101st Airbornes 3rd Brigade Uses Drones and AI to Clear Breach at Louisiana Training Center
The 3rd MBCT coordinated a mix of aerial and ground assets to neutralise bunkers, machine‑gun nests, triple‑strand concertina wire, electronic‑warfare sensors, and jammers. The drones dropped smoke canisters to conceal the breach, while the UGVs carried C4 charges to clear remaining mine and wire obstacles. According to Bell, the operation required 35 drones and a little over 100 pounds of C4—an expense lower than three 155‑mm artillery barrages.
Unmanned systems were part of a broader push to weave robotics and artificial intelligence into planning and execution. The Multi‑Functional Reconnaissance Company flew drones, launched electronic‑warfare effects, and inserted onto the battlefield with Marine Corps V‑22 Ospreys, proving the Army’s tilt‑rotor capability. A UGV equipped with a machine gun protected an artillery battery, freeing soldiers to focus on offensive tasks.

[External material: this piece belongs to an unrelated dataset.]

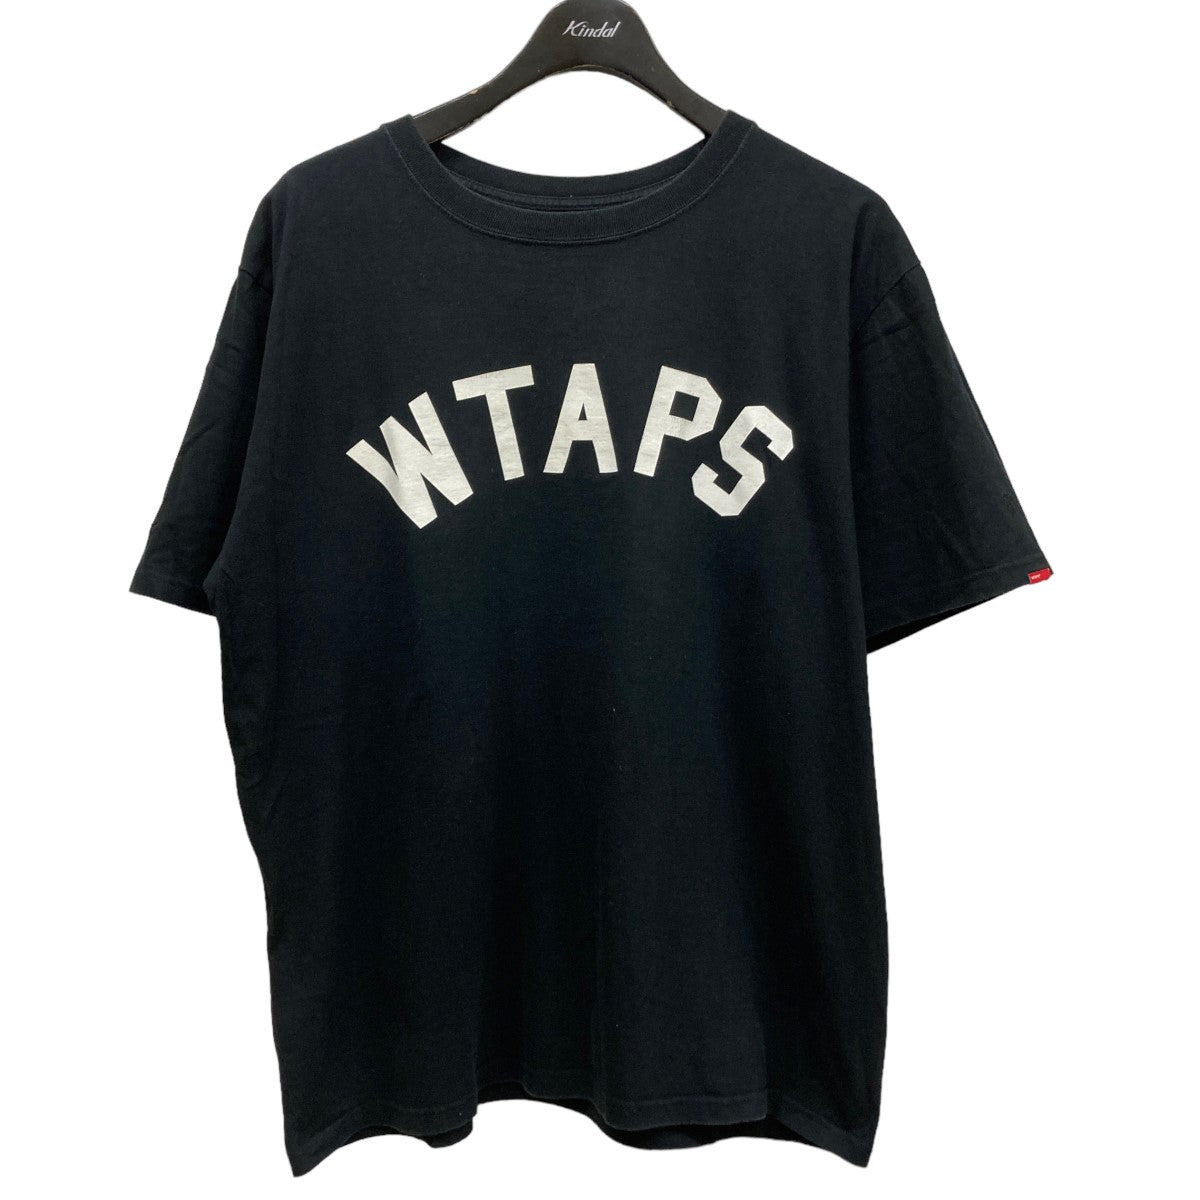 WTAPS(ダブルタップス) ロゴプリントTシャツ ブラック サイズ L

AI tools also played a role. The brigade’s staff built bots that processed 25,000 battlefield reports, and large‑language models ingested doctrine to support mission analysis. Bell noted that AI helped identify gaps in courses of action and accelerate order production—sometimes generating directives in under half an hour—but was not used to shape commander intent or develop the overall course of action because the models lack an understanding of three‑dimensional space.
Drone production was handled by the 101st’s Robotics and Autonomous Integration Directorate (RAID). RAID supplied more than half of the 228 one‑way attack drones used in the exercise. The Attritable Battlefield Enabler (ABE) 1.01, a 3D‑printed drone, can be built in‑house for about $750 in some configurations. Bell said the division lacks the capacity to scale production and that industry must step in to meet the Army’s projected demand. Soldiers reportedly spent about a day to assemble two drones, and the designs were intended to be cheap, mass‑producible, and operable after extended periods of combat.

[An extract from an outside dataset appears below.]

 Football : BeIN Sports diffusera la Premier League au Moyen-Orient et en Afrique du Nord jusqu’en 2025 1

The exercise highlighted both the promise and the limits of unmanned and AI‑enabled systems. While the drones and UGVs created a “drone contact layer” that removed the need for engineers and sappers to clear the breach, Bell emphasized that technology should enable soldiers rather than replace them, insisting that the fundamentals of warfighting remain the focus.
At present, the 3rd MBCT continues to refine its use of unmanned systems and AI tools. The Army is working to expand production of the ABE 1.01 and to integrate AI more fully into planning workflows while maintaining human oversight.
The Fort Polk exercise provides a benchmark for future deployments, but questions remain about scaling production, ensuring reliability in contested environments, and balancing technological advantage with operational security.